#### TASK ITEM
Restate, word for word and with no pictures, the stretch of lines in the data below that begins at the line with "at Yew Aik." and ends at the line with "There's no problem", inclusive.

#### DATA EXCERPTS
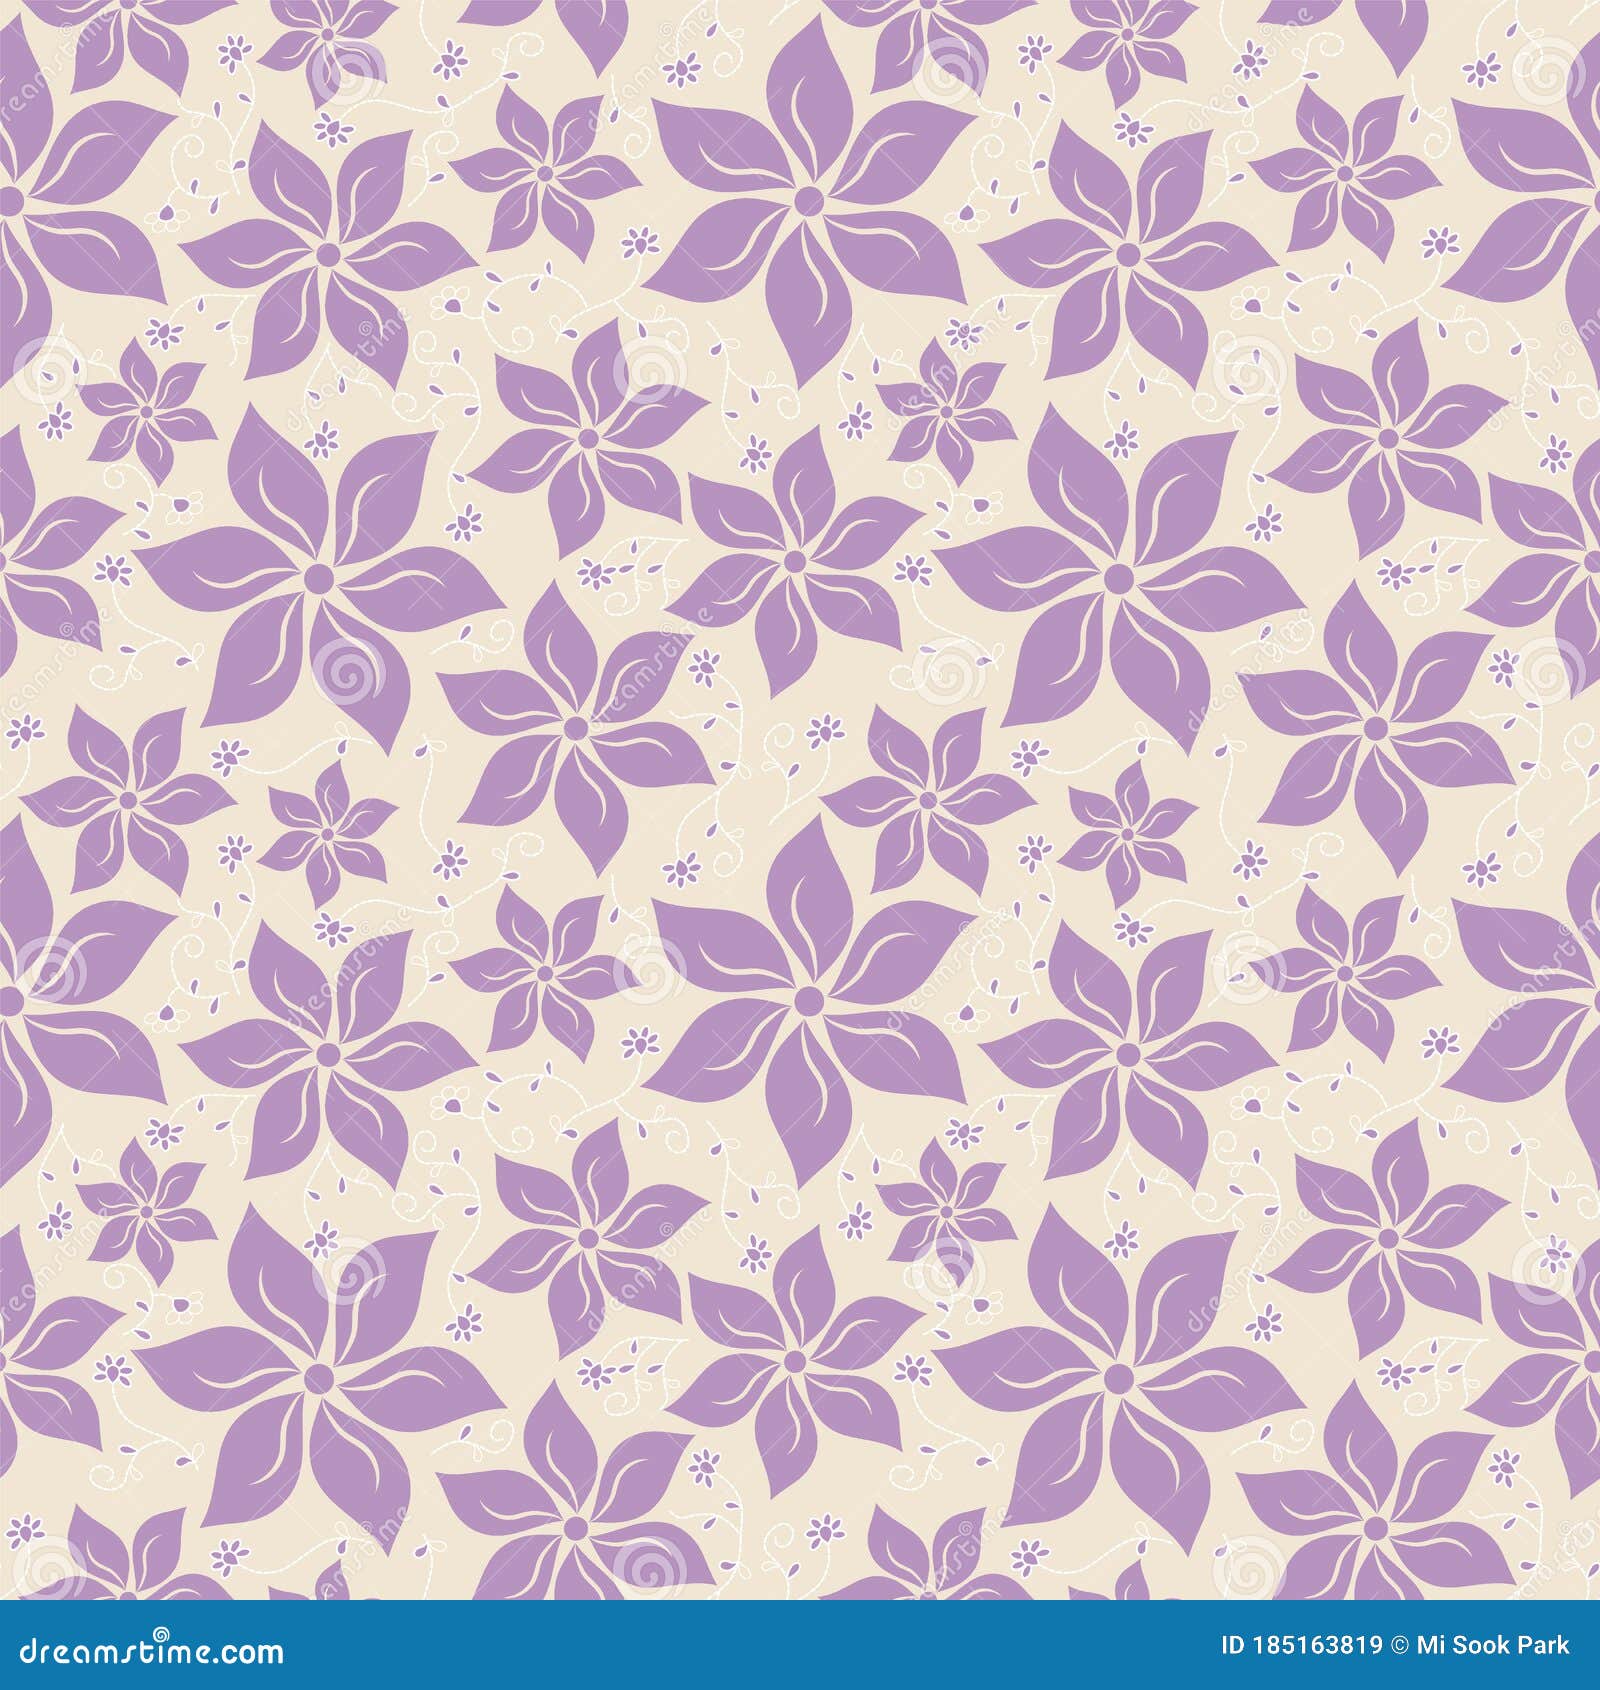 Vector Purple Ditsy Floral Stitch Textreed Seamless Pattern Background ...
--
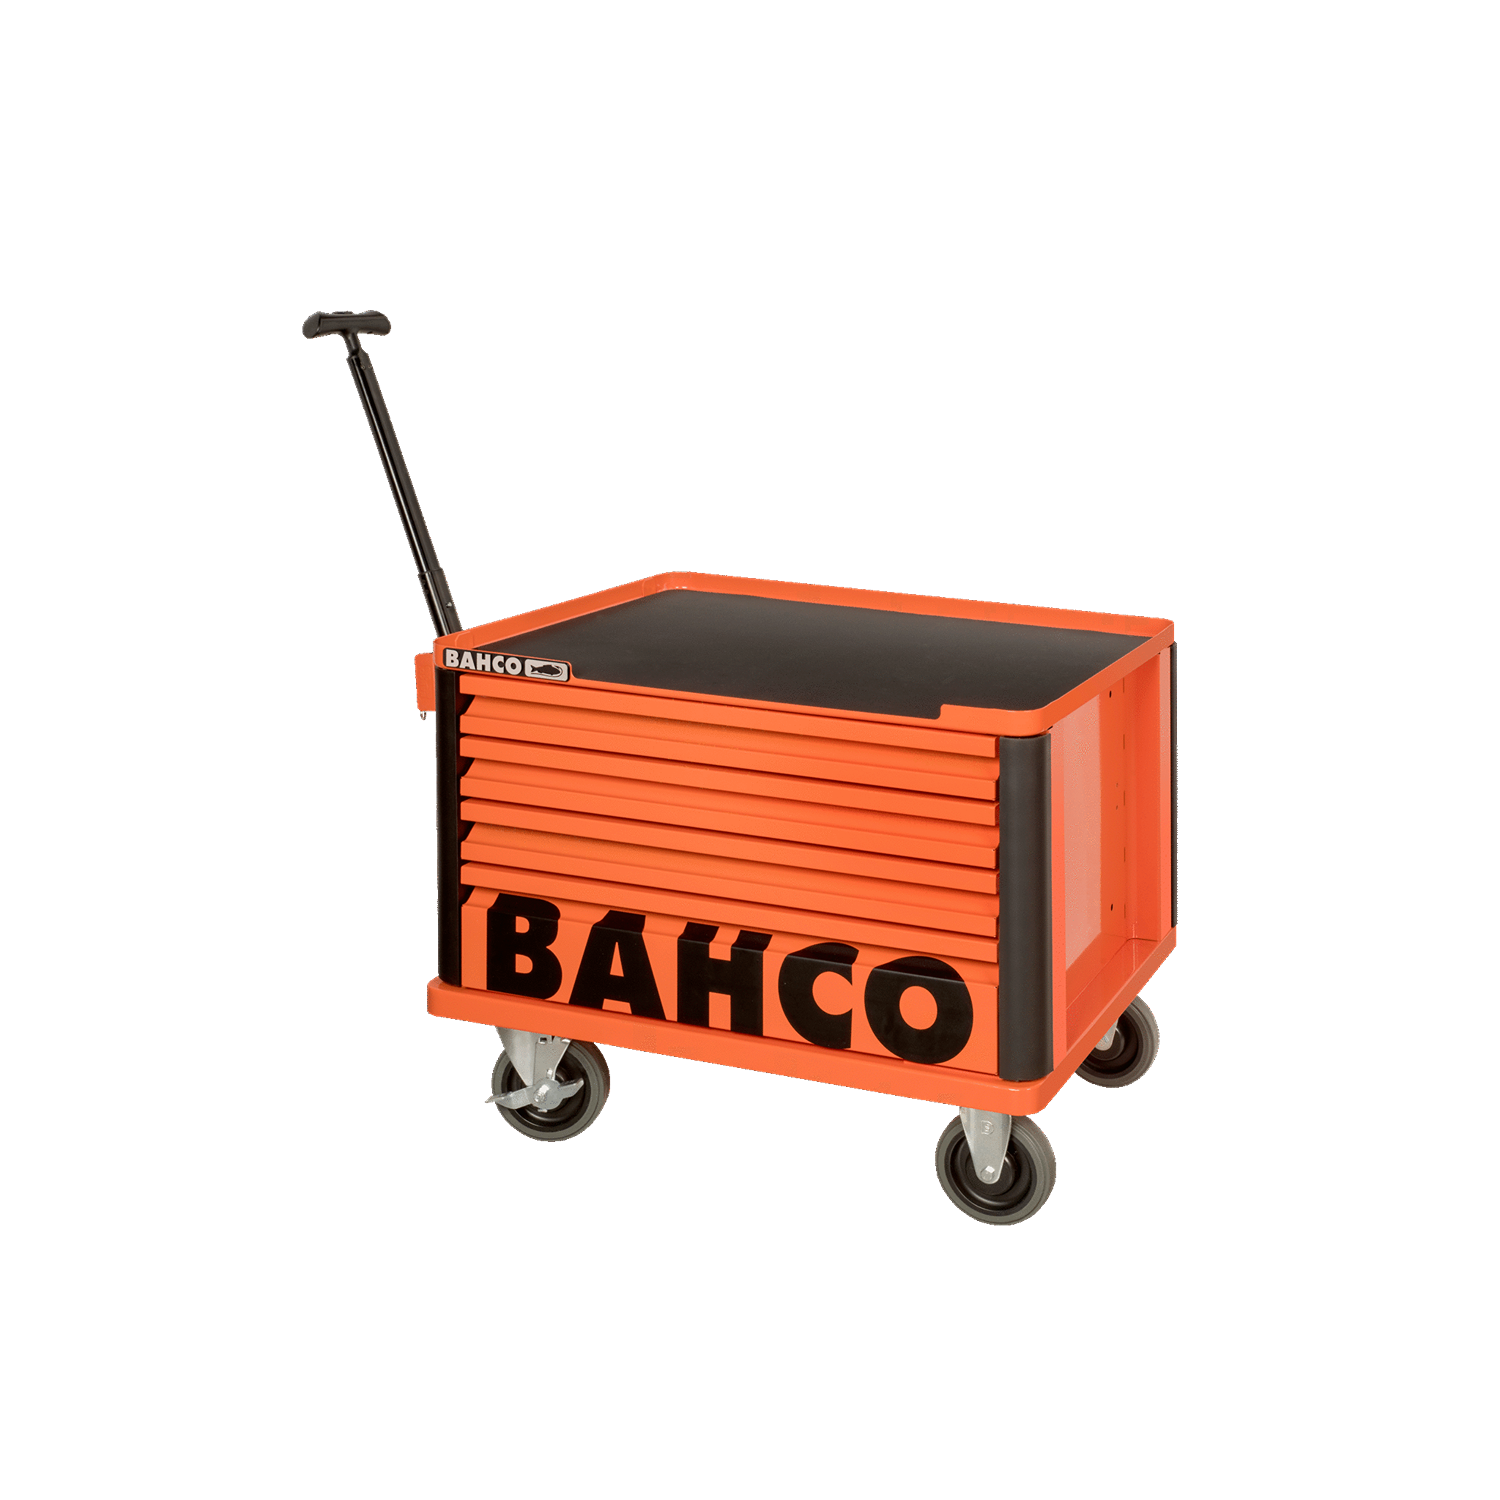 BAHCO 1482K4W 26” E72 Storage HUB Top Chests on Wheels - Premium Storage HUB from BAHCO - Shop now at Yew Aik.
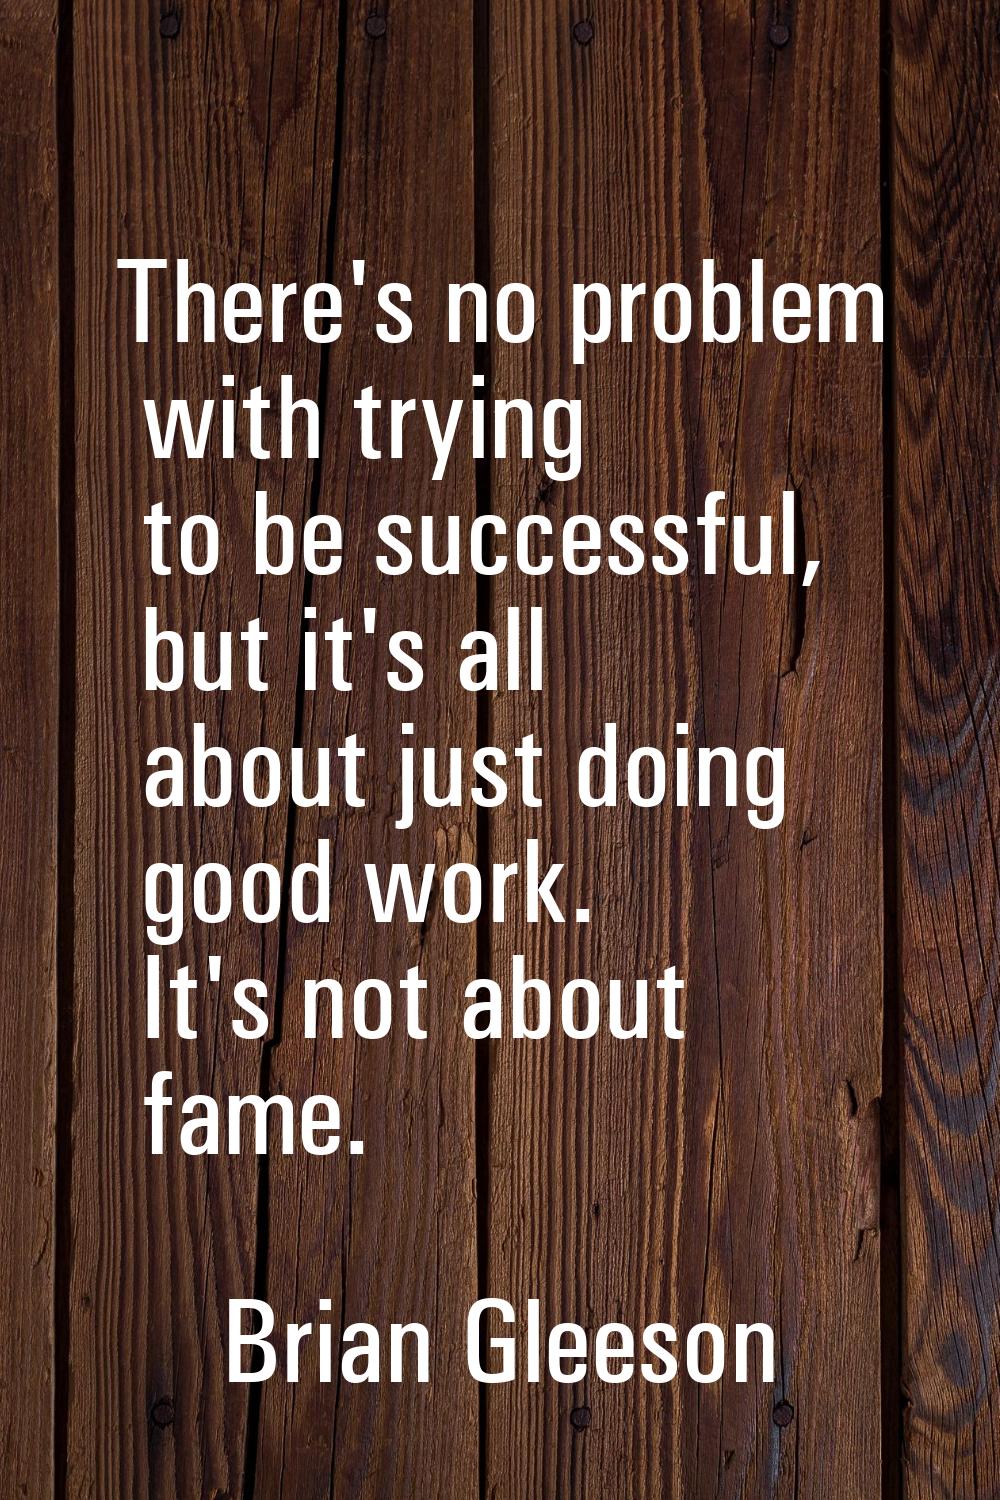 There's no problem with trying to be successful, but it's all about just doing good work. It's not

#### SOLVED EXERCISE
 BAHCO 1482K4W 26” E72 Storage HUB Top Chests on Wheels - Premium Storage HUB from BAHCO - Shop now at Yew Aik.
 There's no problem with trying to be successful, but it's all about just doing good work. It's not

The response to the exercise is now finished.